Siddharth Chandra

Posted on Apr 26, 2021

Orange: The No-Code Tool for Machine Learning

#python #machinelearning #opensource #datascience

The demand for machine learning engineers and data scientists has increased exponentially over the years. This is justified because machine learning is being applied in almost every field to solve real-world problems.

There are very good programming languages like Python and R to acquire the skills required for machine learning engineers and data scientists. But people need to spend a good amount of time learning these programming languages before practising data analysis techniques.

Machine learning engineers and data scientists need to apply different visualisation techniques to understand the data and test different models to get accurate results. In this situation, having a GUI based tool that needs minimum programming can lead to good productivity.

This article introduces Orange, a visual programming software package released under GPL, and focused on components for data visualisation, machine learning, data mining, and analysis of data.

It features a visual programming front-end for explorative rapid qualitative data analysis and interactive data visualisation.
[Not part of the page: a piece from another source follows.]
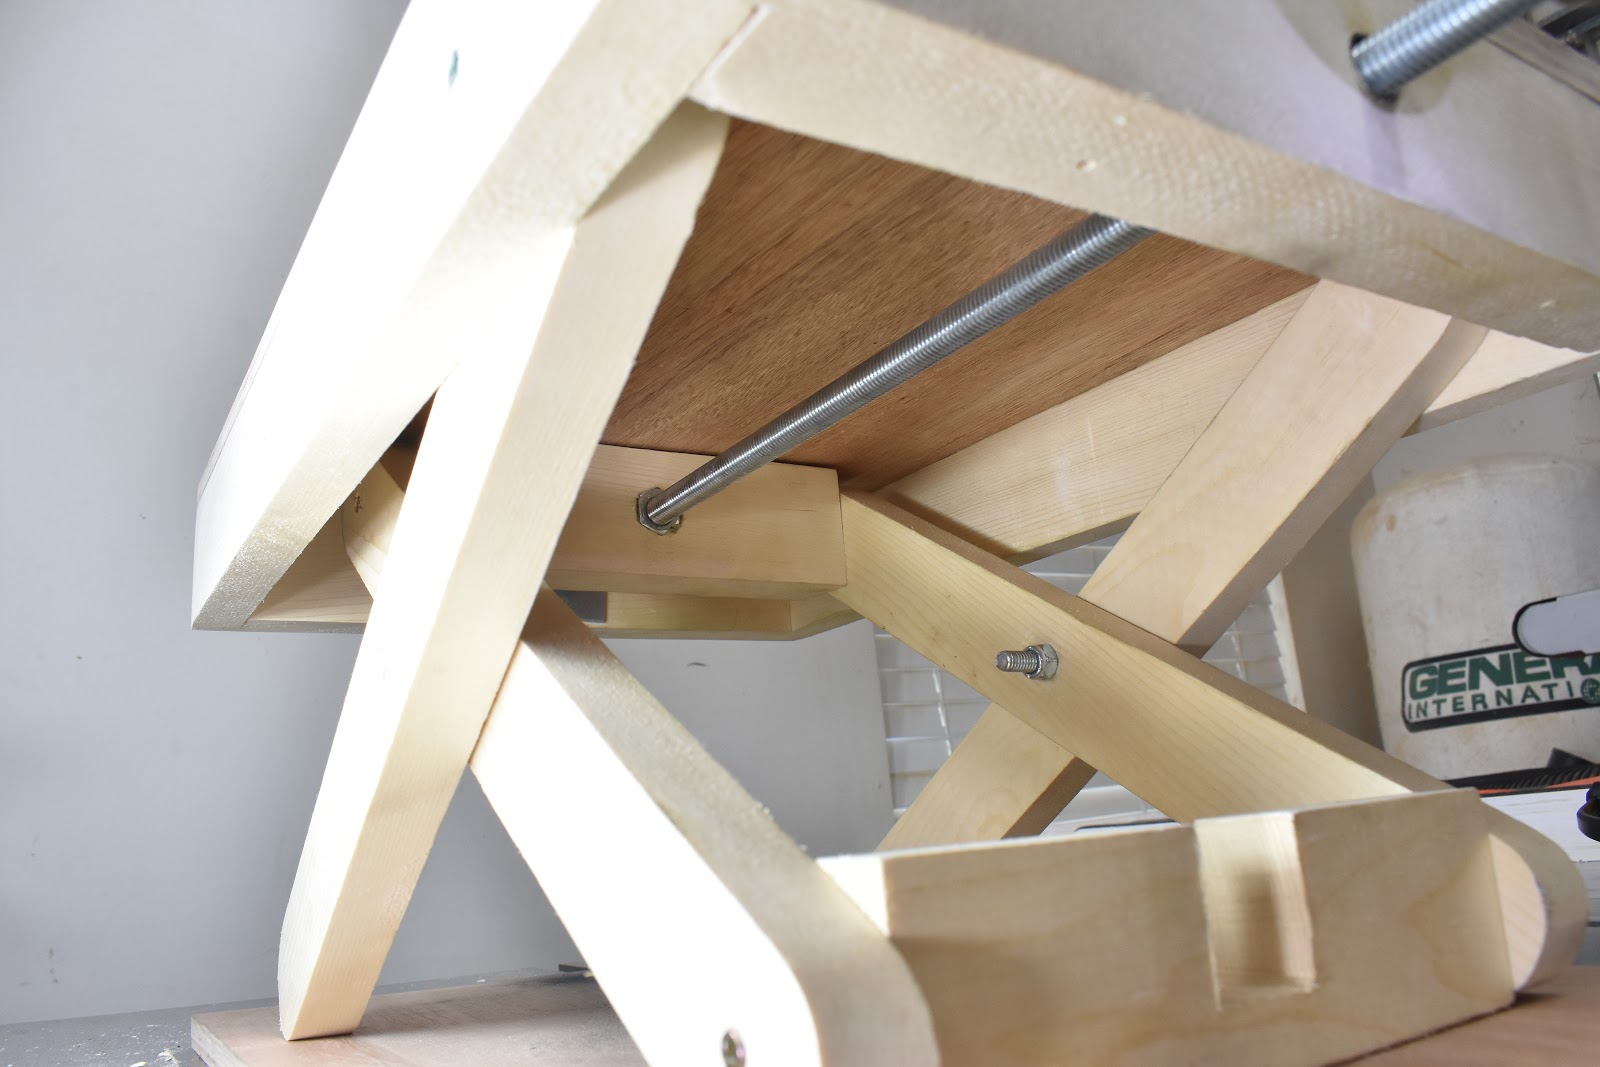 Jax Design: How to Make a Scissor Lift Table
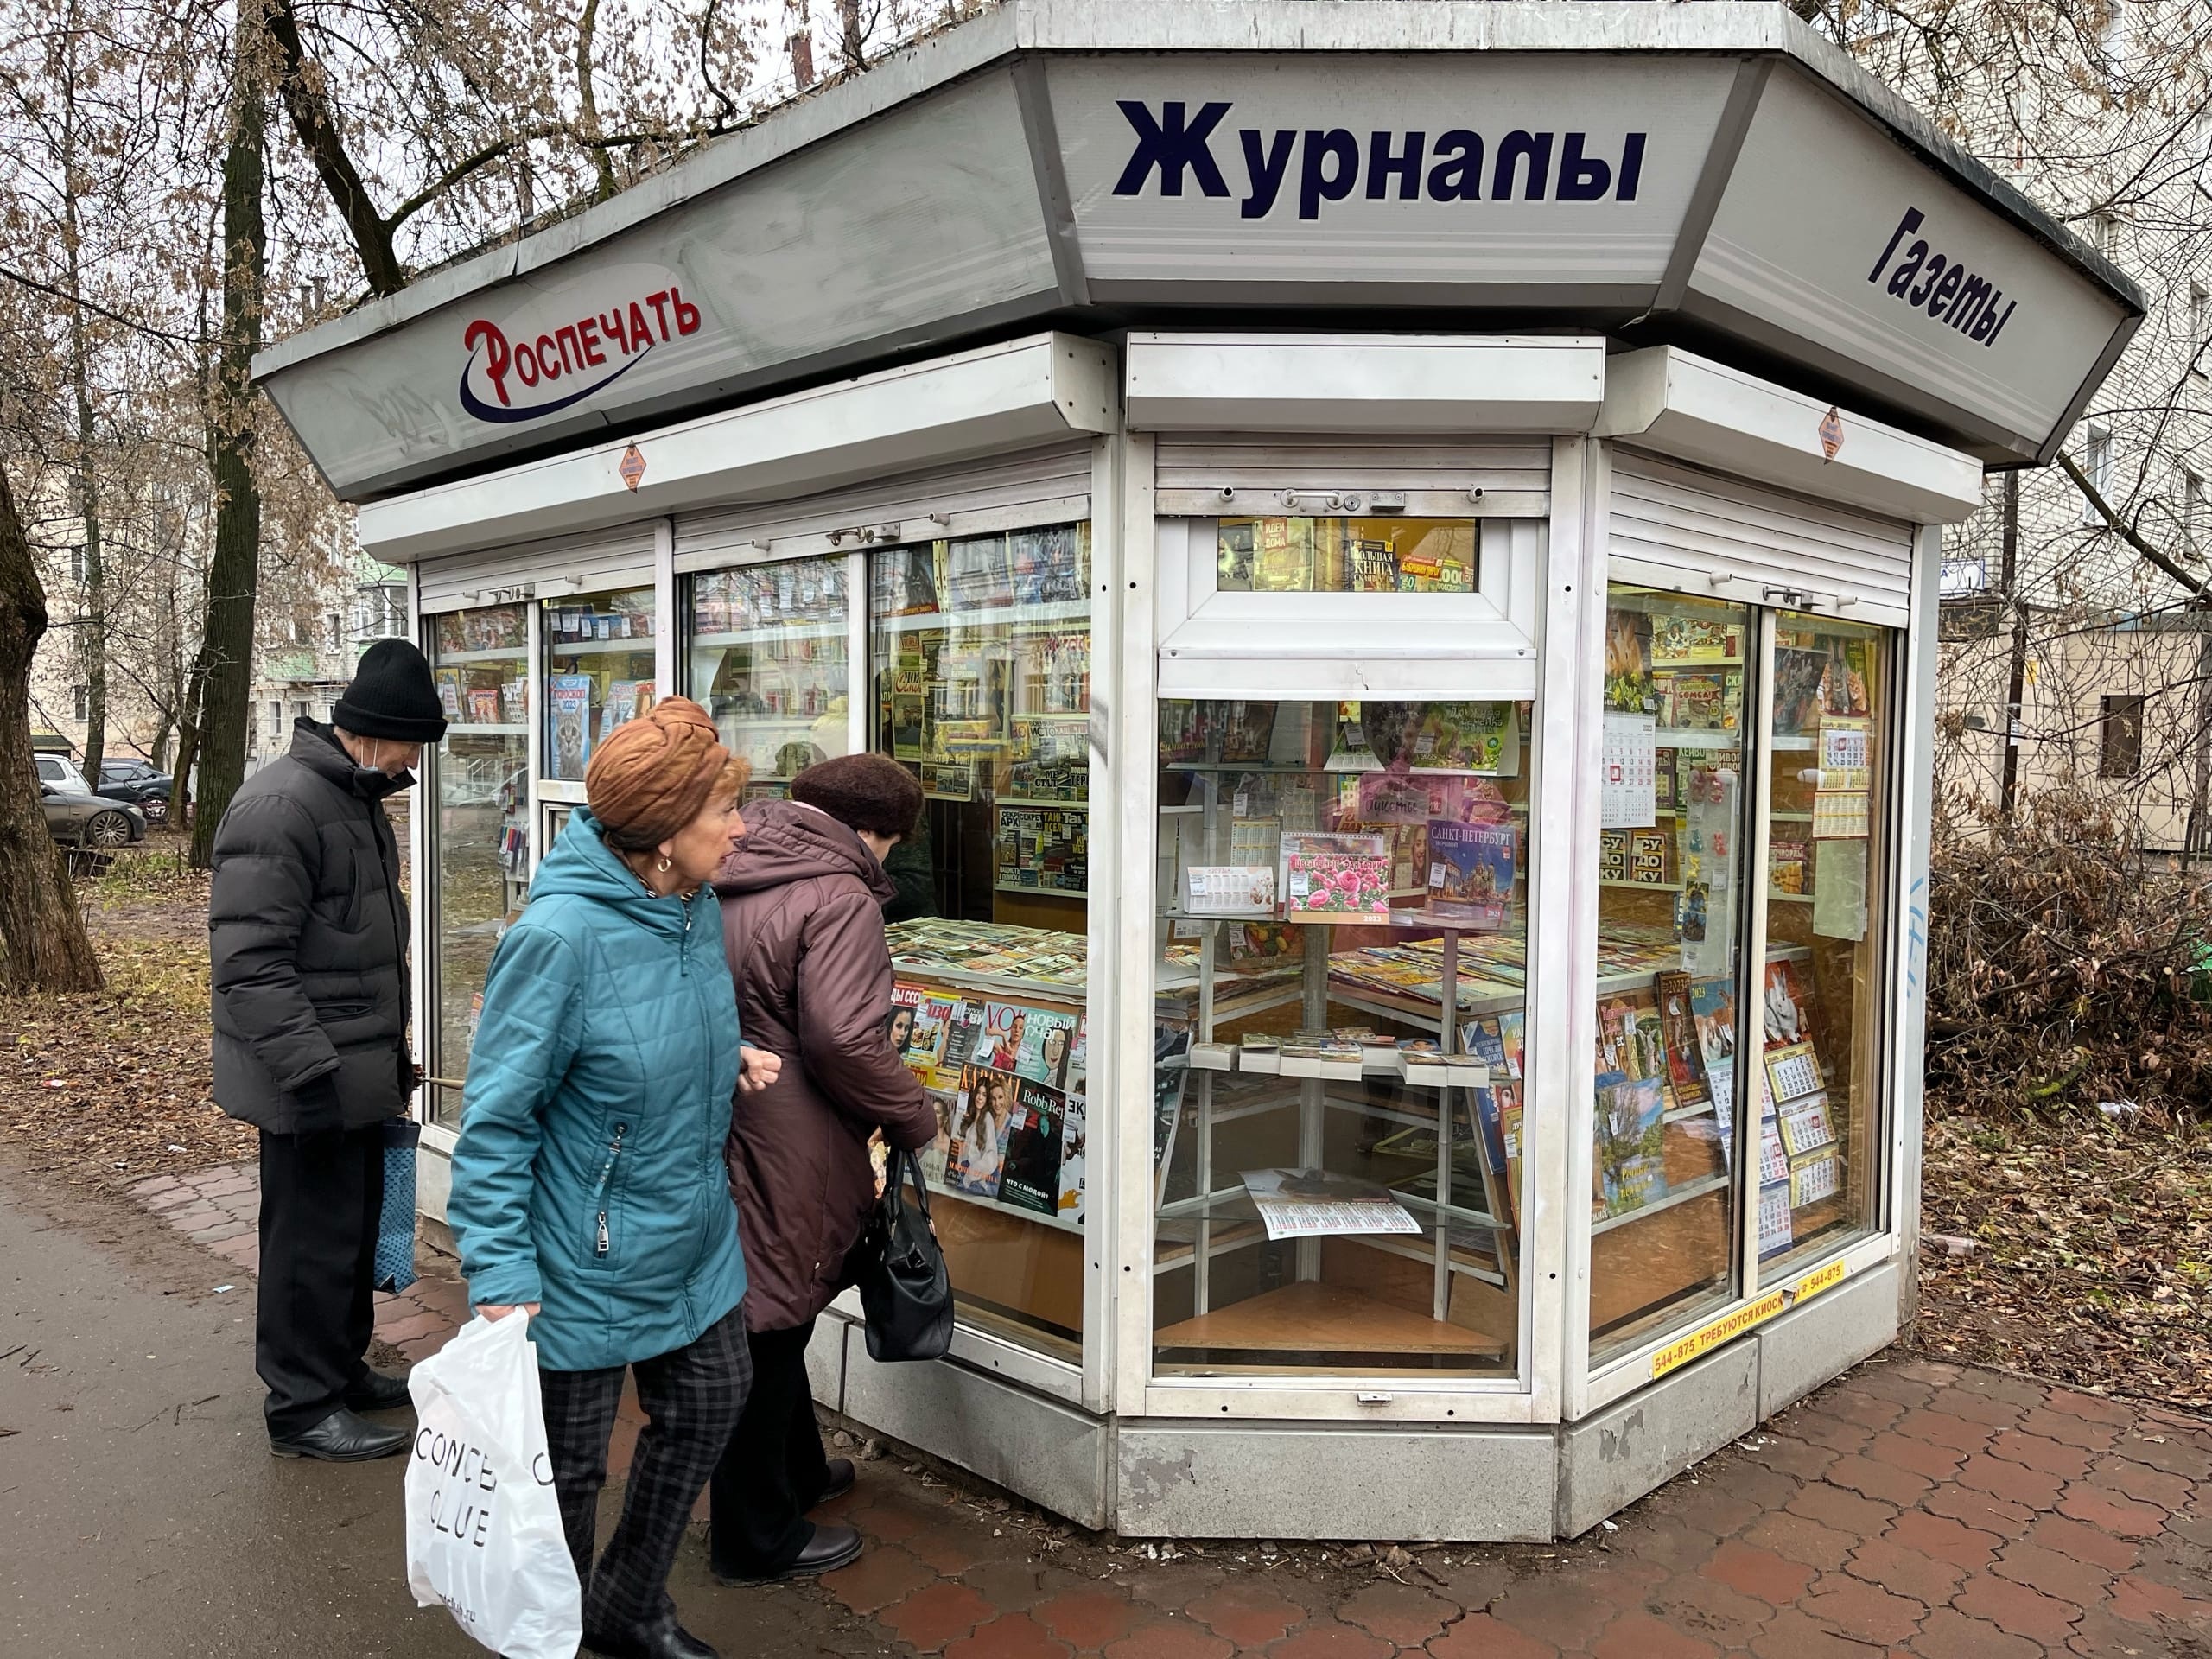 В Кирове свободны более ста мест для размещения ларьков, киосков и павильонов

The developers of Orange at the University of Ljubljana in Slovenia built the core components in C++ with wrappers in Python, which are available on GitHub. Orange is available for Mac, Linux and Windows users.

Let's see a simple demo of how we can use Orange to do machine learning tasks. Following steps are carried on MacOS, but they remain the same for Linux and Windows.

Prerequisites - All You Need

We are going to work in a virtual environment for this demo (considering we have python already installed, if not please check this). To create this environment follow the below steps in the terminal (make sure you are in a project folder and not in Desktop or Documents, just to avoid any other issues it might create):

~ % mkdir orange_proj
~ % cd orange_proj
orange_proj ~ % python3 -m venv venv

This creates a virtual environment in our working directory orange_proj if we notice there is a folder created named venv in the directory.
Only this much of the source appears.